Breathing for Performance
The relationship between breathing and physical performance is more consequential than most athletes and active people realize, and it operates on multiple levels simultaneously — mechanical, metabolic, and psychological. How you breathe during training and competition affects oxygen delivery, carbon dioxide tolerance, energy efficiency, and the state of the nervous system under pressure. Most people breathe reactively during exercise, letting the body manage the breath automatically without conscious attention. That’s functional, but it leaves real performance on the table.
The mechanical dimension is the most straightforward. During exercise, oxygen demand increases and carbon dioxide production rises proportionally. Breathing rate and depth increase to meet that demand, and the body manages this process largely automatically through chemoreceptors that monitor blood gas levels and adjust ventilation accordingly. What conscious attention to breathing can add is efficiency — ensuring that the breath is driven primarily by the diaphragm rather than the accessory muscles of the chest and neck, which fatigue faster and produce shallower, less efficient ventilation. Diaphragmatic breathing during exercise is more oxygen-efficient, produces less respiratory muscle fatigue, and tends to support better posture and core stability than chest-dominant breathing patterns.

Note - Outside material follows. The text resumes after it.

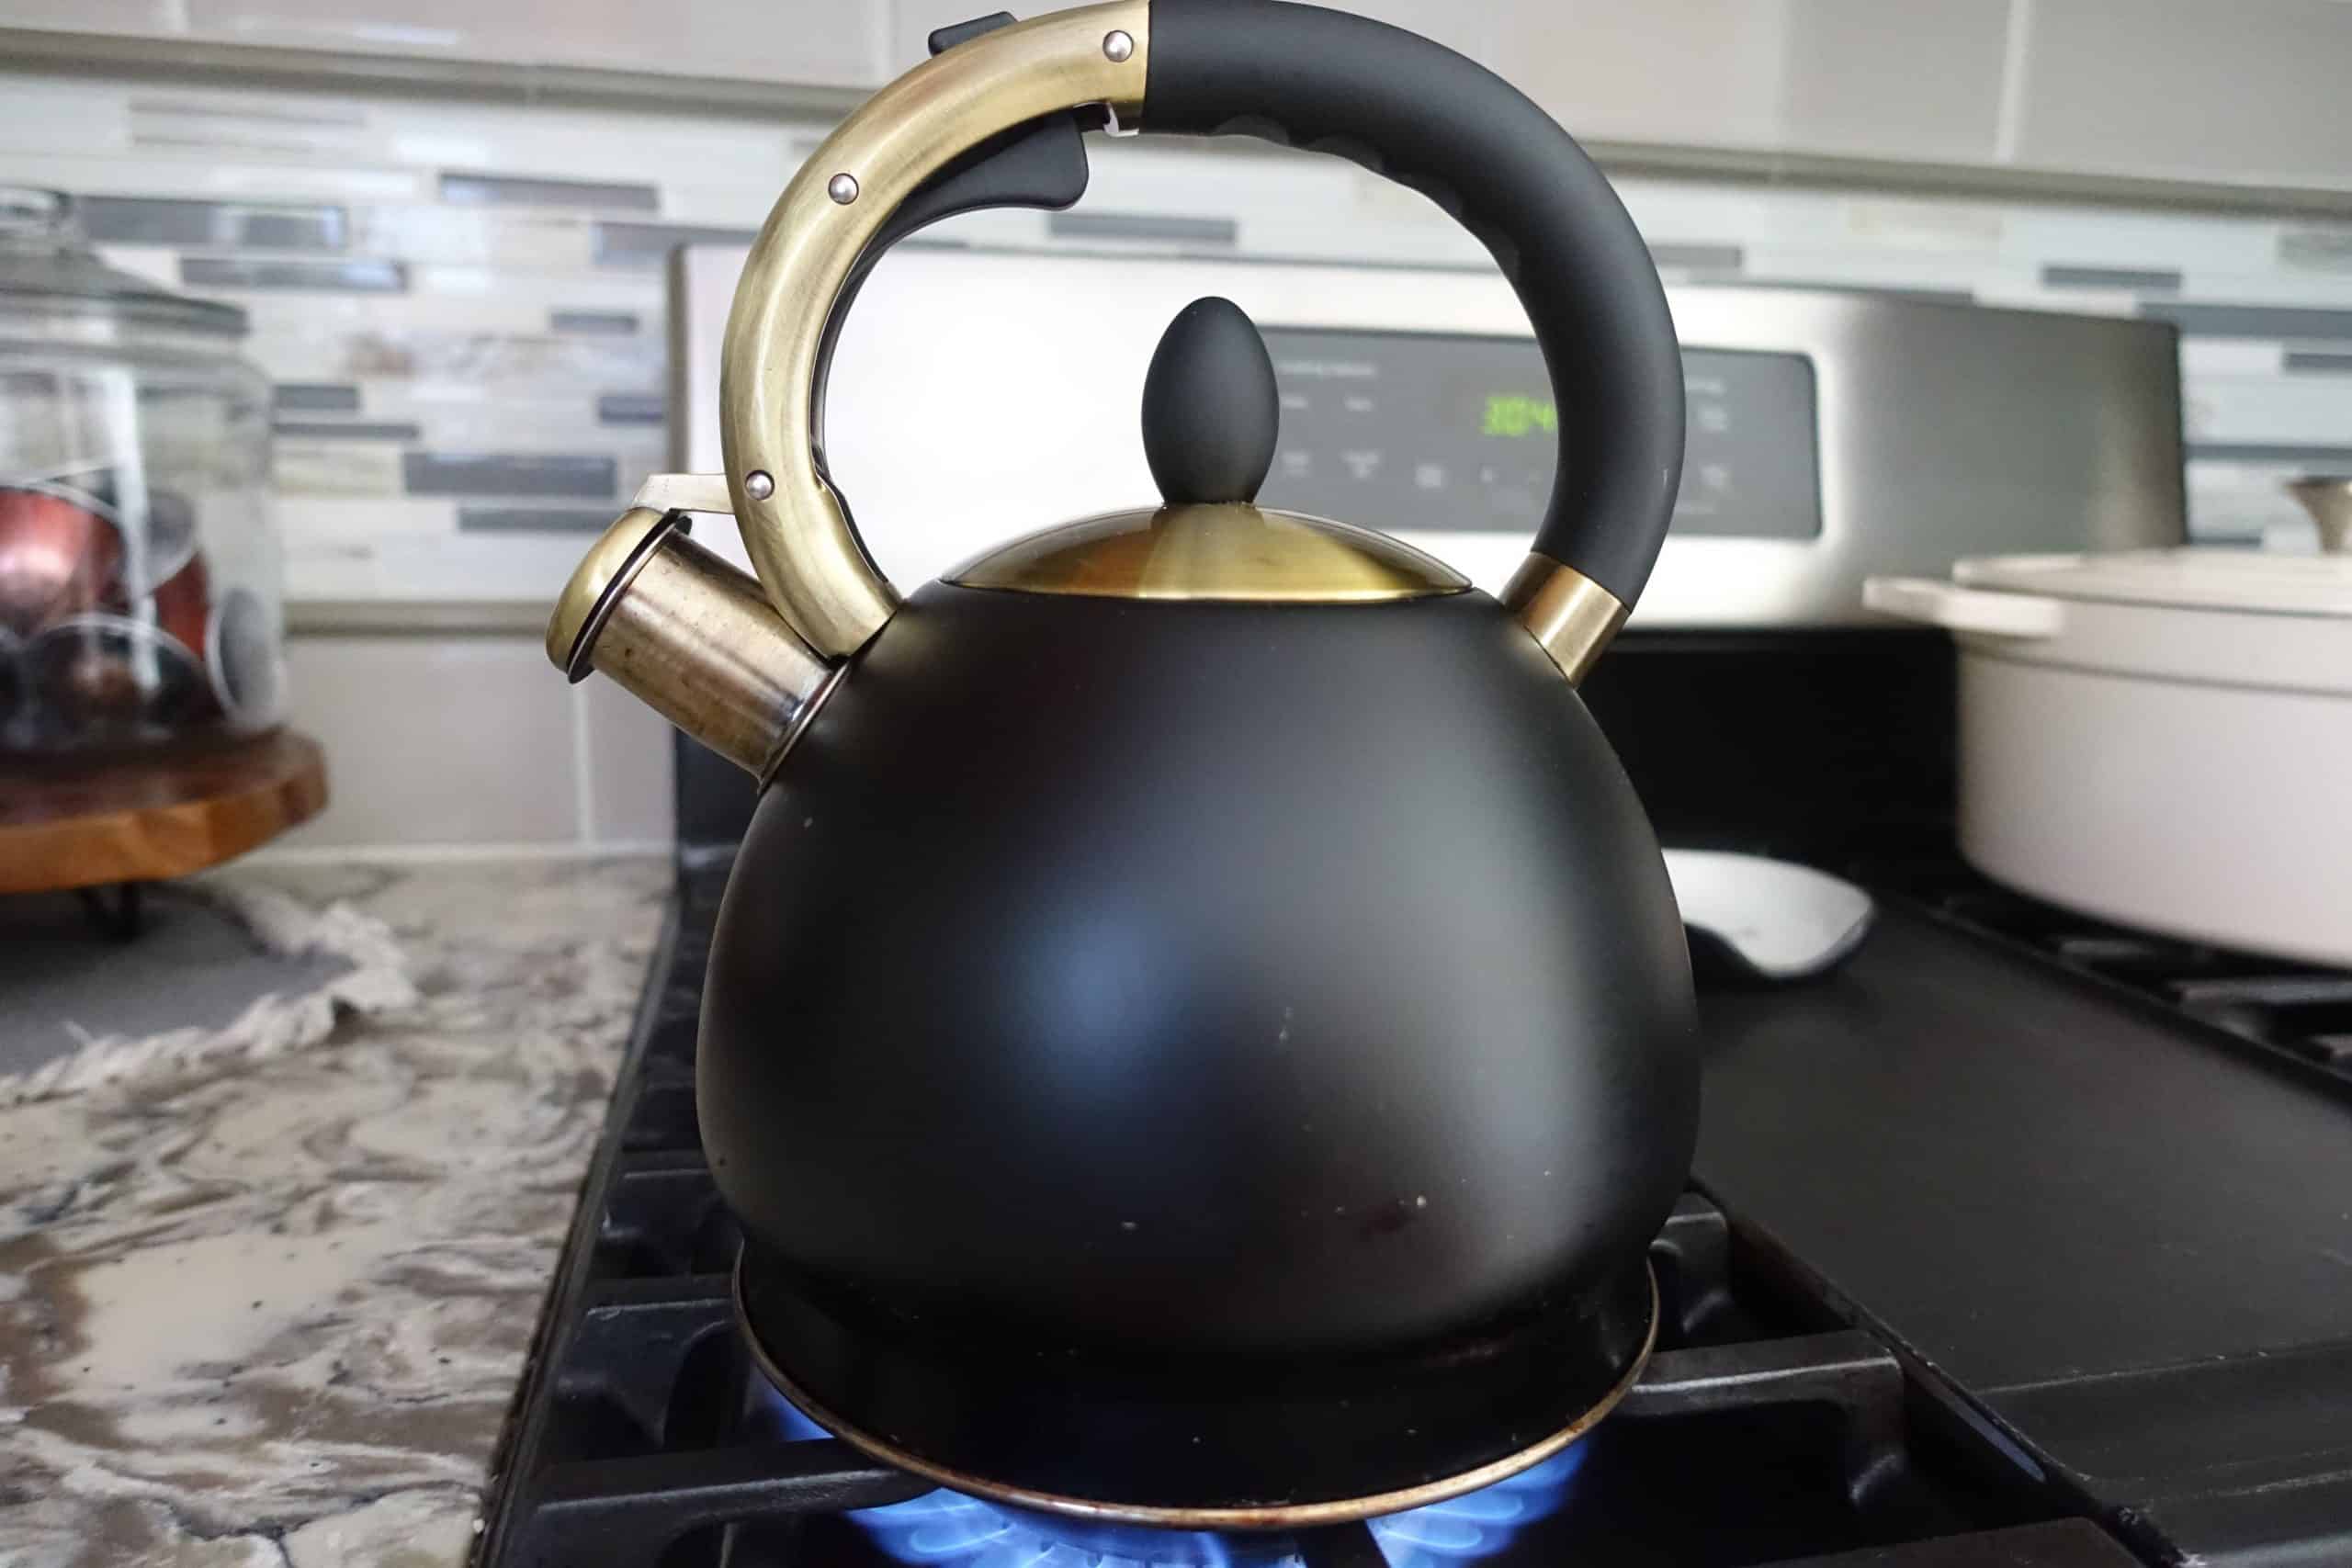 matte black tea kettle on gas stove with burner on

Carbon dioxide tolerance is a less commonly discussed but practically significant variable. The urge to breathe during exercise is driven primarily by rising CO2 rather than falling oxygen, and individual tolerance for elevated CO2 varies considerably. People with lower CO2 tolerance tend to breathe harder and faster at lower intensities, which can accelerate fatigue and produce anxiety responses during high-intensity effort. Training CO2 tolerance — through breath holds, nasal breathing during low to moderate intensity exercise, and specific breathwork practices — tends to improve the efficiency of breathing under load and reduce the anxiety response to the sensation of air hunger that many people experience during hard efforts.
Nasal breathing during exercise deserves specific attention. Breathing through the nose filters, warms, and humidifies incoming air, produces nitric oxide which improves oxygen uptake in the lungs, and tends to maintain slower, more controlled breathing rates that support CO2 tolerance. For low to moderate intensity exercise, nasal breathing is achievable for most people with practice and produces measurable benefits in breathing efficiency and recovery. At high intensities where ventilatory demand exceeds what nasal breathing can supply, mouth breathing becomes necessary — the goal is to extend the nasal breathing range as far up the intensity spectrum as possible, not to maintain it at the expense of performance.

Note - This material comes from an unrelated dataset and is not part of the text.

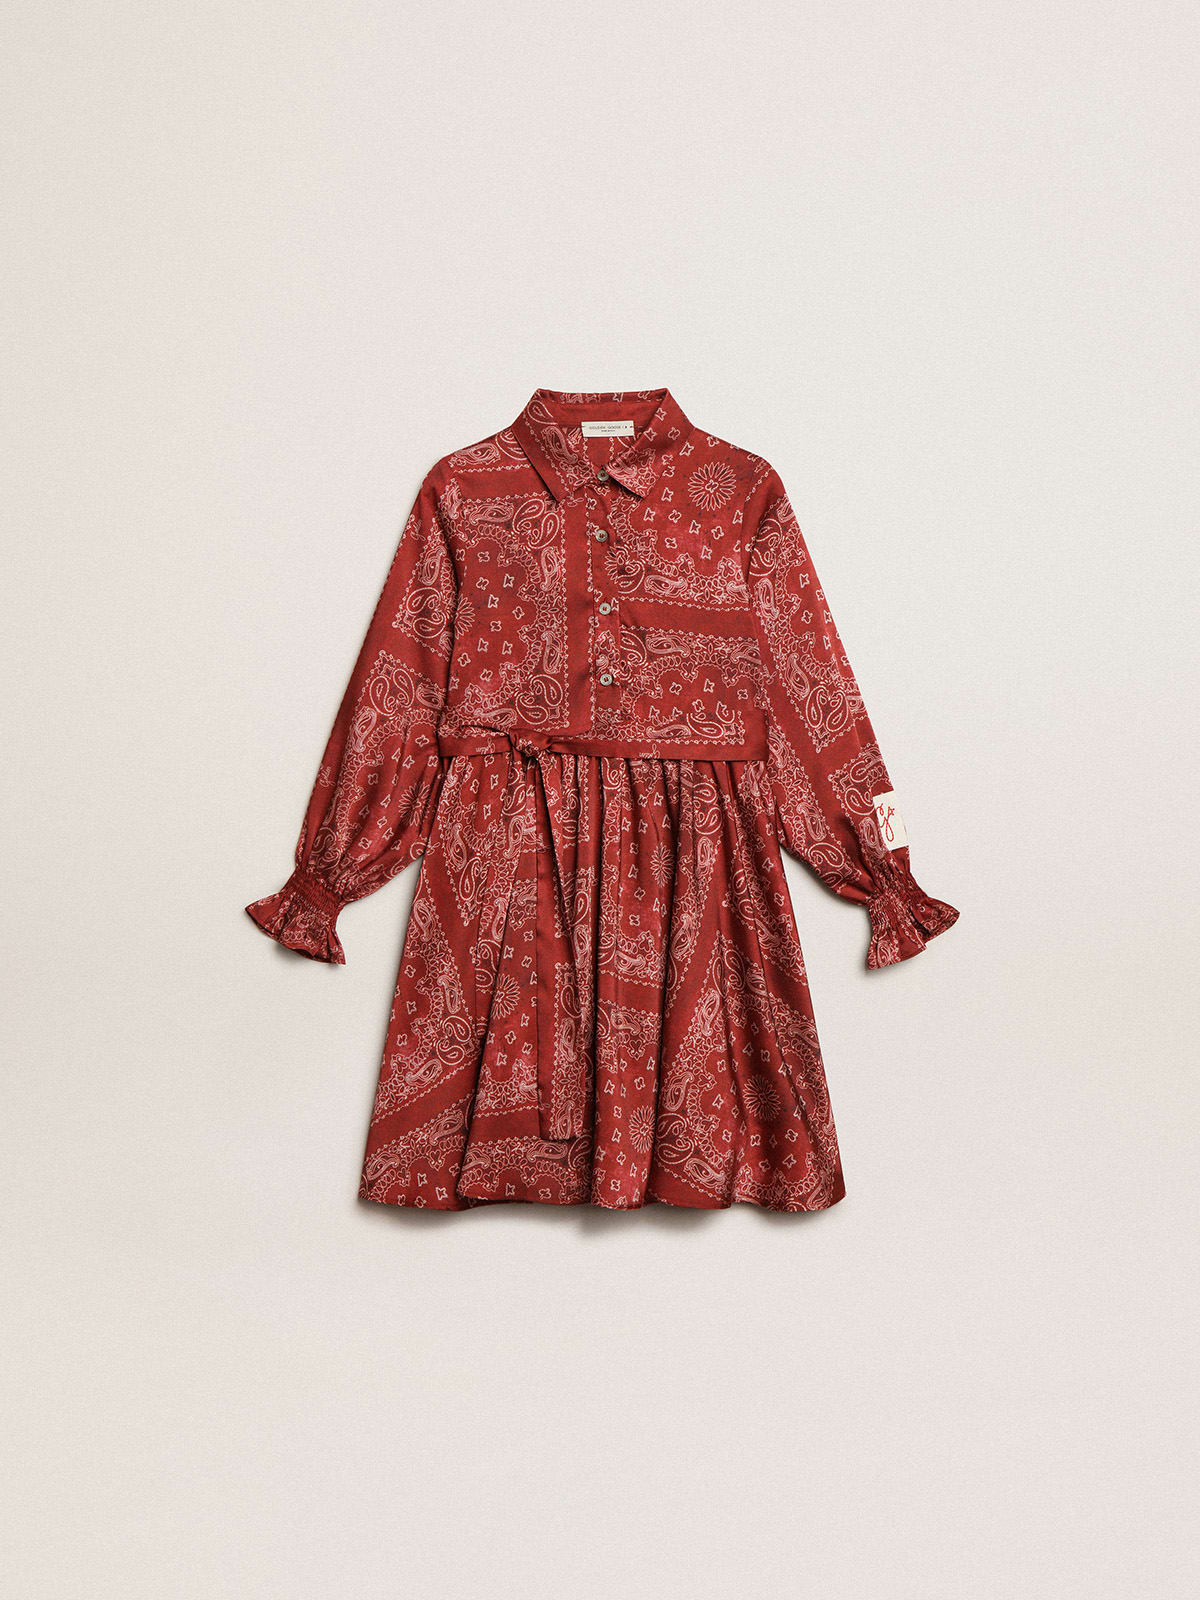 Girls' burgundy shirt dress with paisley print

The psychological dimension of breathing in performance contexts is equally significant and often overlooked. The breath is one of the few physiological variables that can be consciously manipulated in real time under pressure, and its influence on nervous system state means it’s one of the most reliable tools available for managing the activation level that high-pressure situations produce. A few slow, controlled breaths before a heavy lift, a race start, or any high-stakes physical effort produces measurable reductions in heart rate and cortisol and improvements in fine motor control. This is not a mental trick — it’s a direct physiological intervention with a well-understood mechanism, and developing the habit of using it deliberately is a genuine performance skill.